In English, “cannot” often implies some kind of outward restraint. “I’d like to, but I can’t.” Unable, but not unwilling.

That’s not how God works. It’s not like God is honor-bound to speak the truth, but constantly wishing He could slip in a little deception. He cannot lie for one simple reason:

Because He will not lie.

That’s His character. That’s who He is.

In English, “will not” is about our intentions. “I will not do this” doesn’t always mean “I will never do this,” and it’s not even a guarantee that we won’t change our minds before it’s all said and done.

That’s not how God works either. He isn’t fickle and capricious; His character is dependable and unchanging. He is “the same yesterday, today, and forever” (Hebrews 13:8).

With God, a “cannot” is a “will not,” and a “will not” is a “cannot.” They’re the same thing. God abides by His perfect set of standards—He cannot go against them because He will not go against them.
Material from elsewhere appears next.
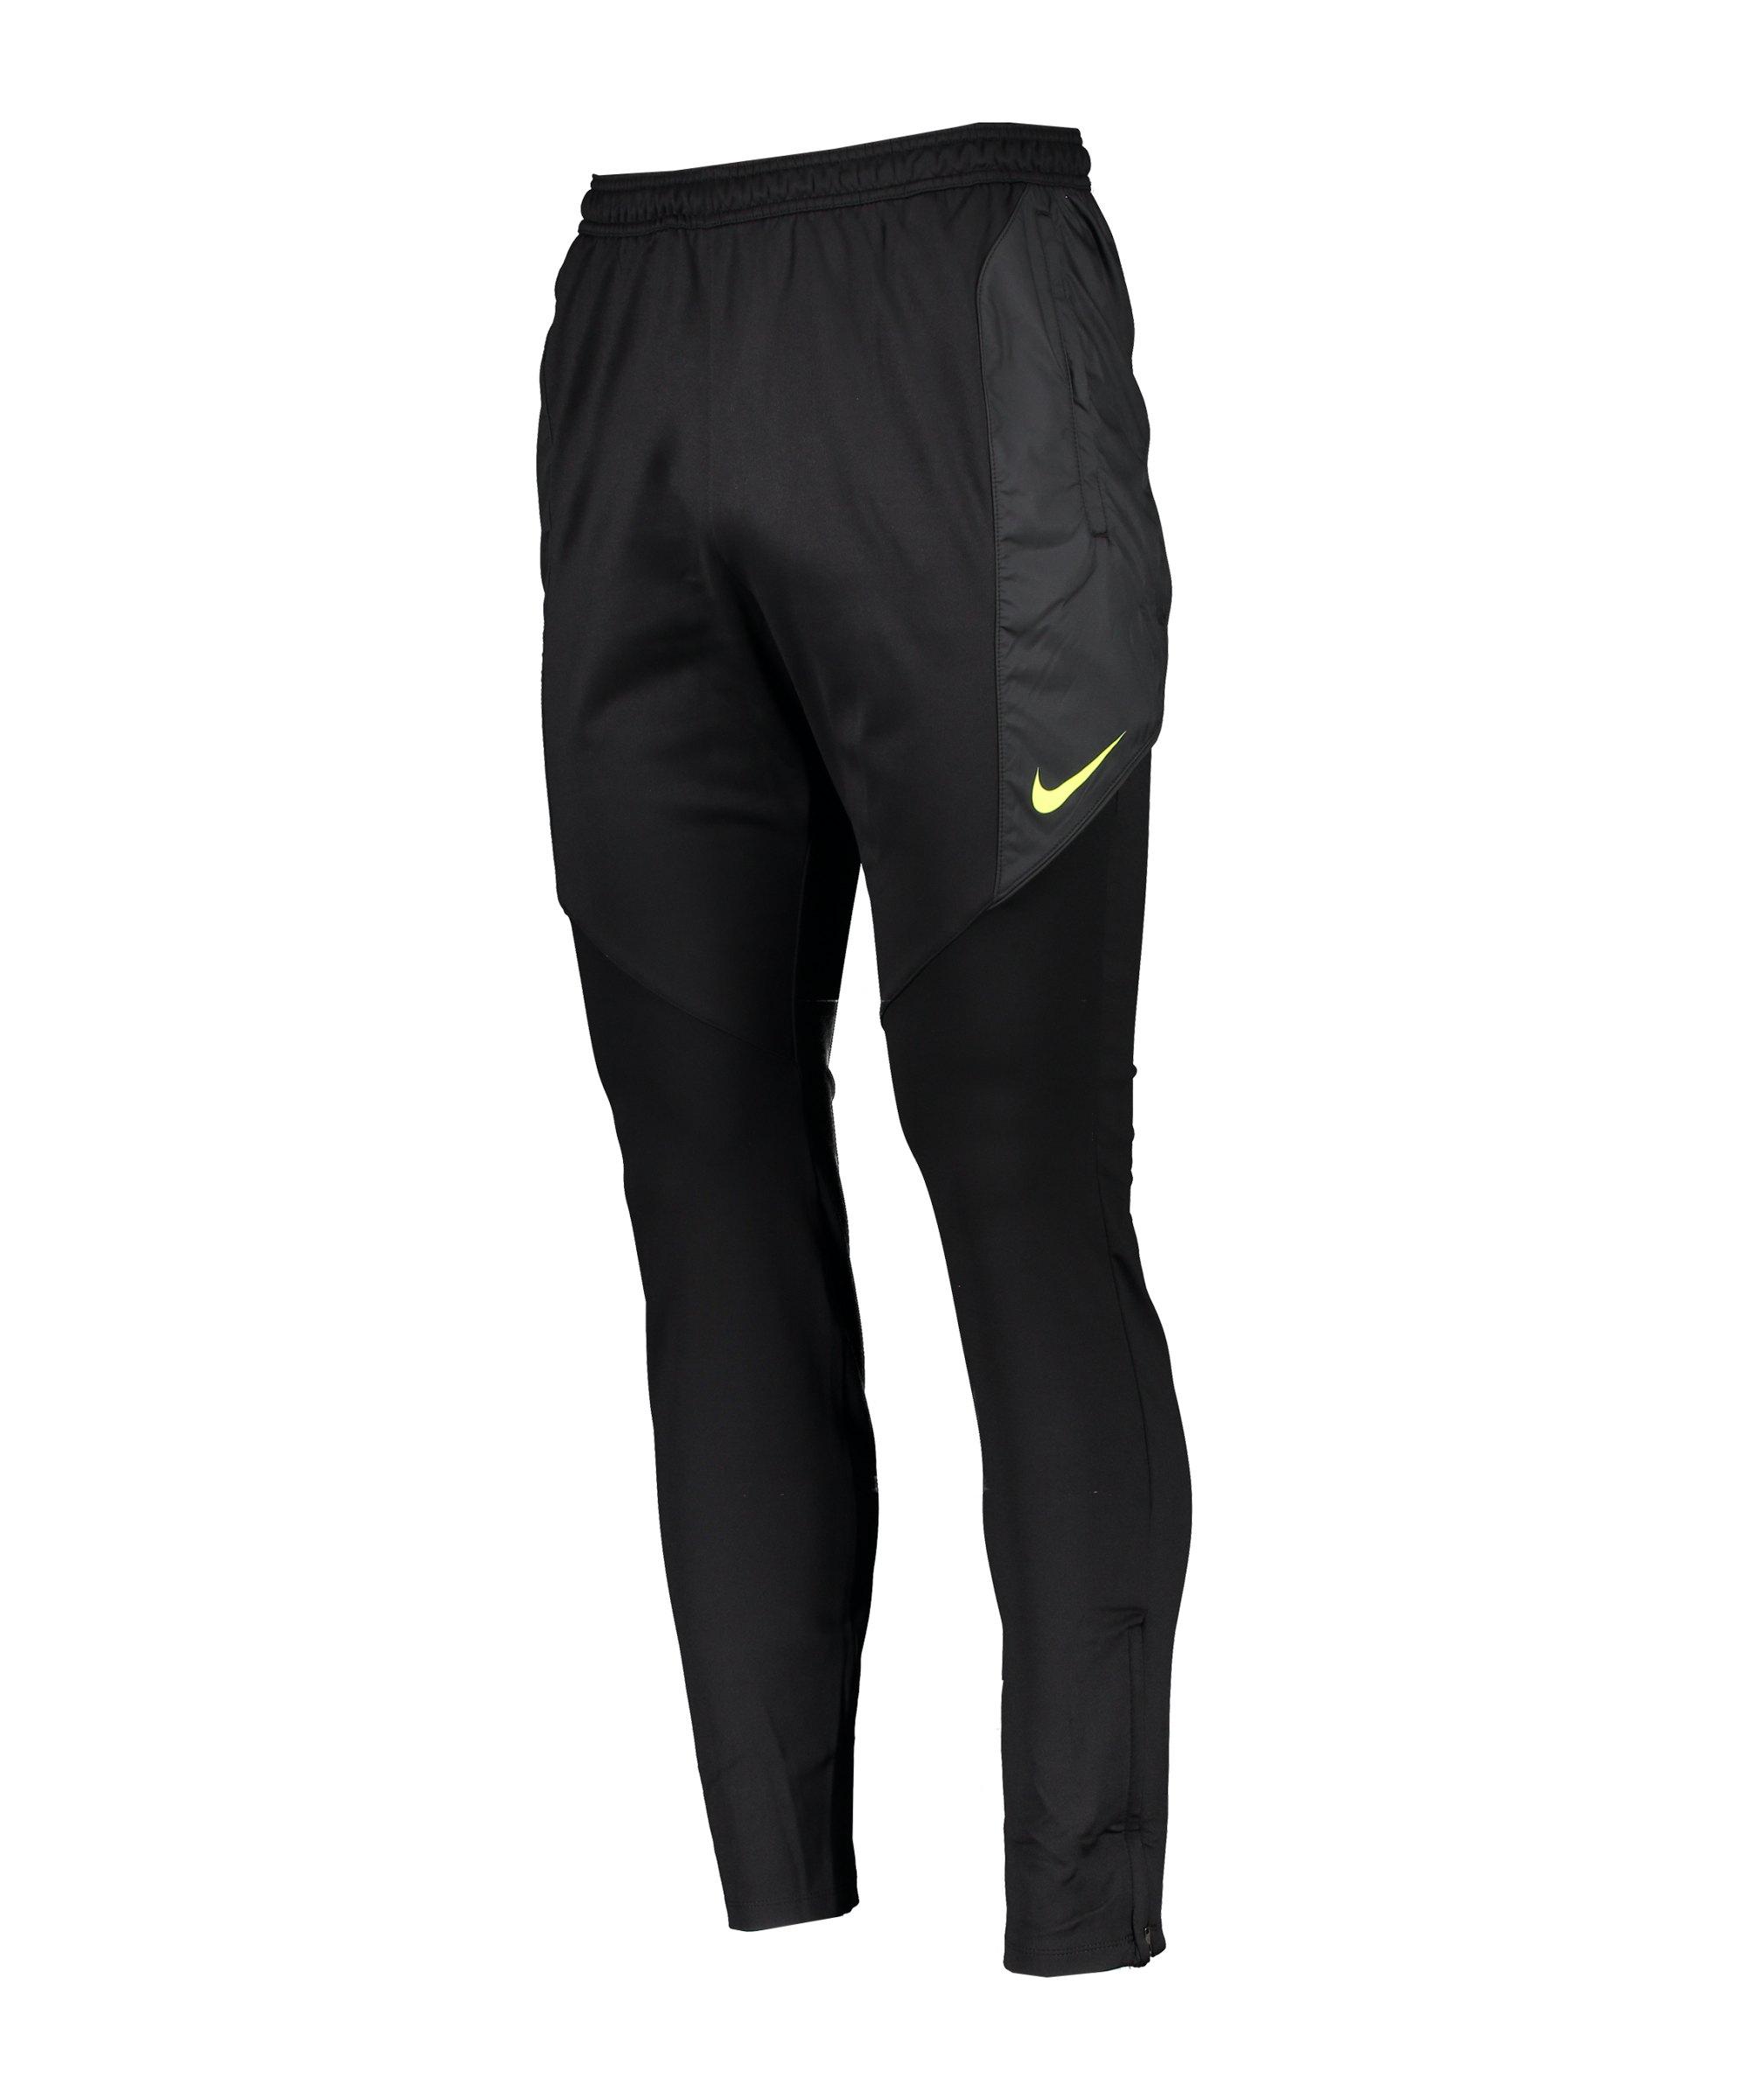 Nike Dry Strike Trainingshose Schwarz F010 - schwarz

Imagine having character so firm, so unshakable, that others could write about your “will nots” as “cannots.” Imagine someone gesturing to you and saying, “Oh, her? No, she can’t lie,” or, “Oh, him? Yeah, he can’t envy.” Not won’t, but can’t. Unable because you’re unwilling. No room for discussion or exceptions. Fixed. Immovable. Dependable.

You and I both know you’re not there. Not yet. None of us are. But it’s the direction we’re heading: “We know that when He is revealed, we shall be like Him, for we shall see Him as He is” (1 John 3:2).

We serve a God who cannot because He will not.

Every day is an opportunity to be a little more like Him.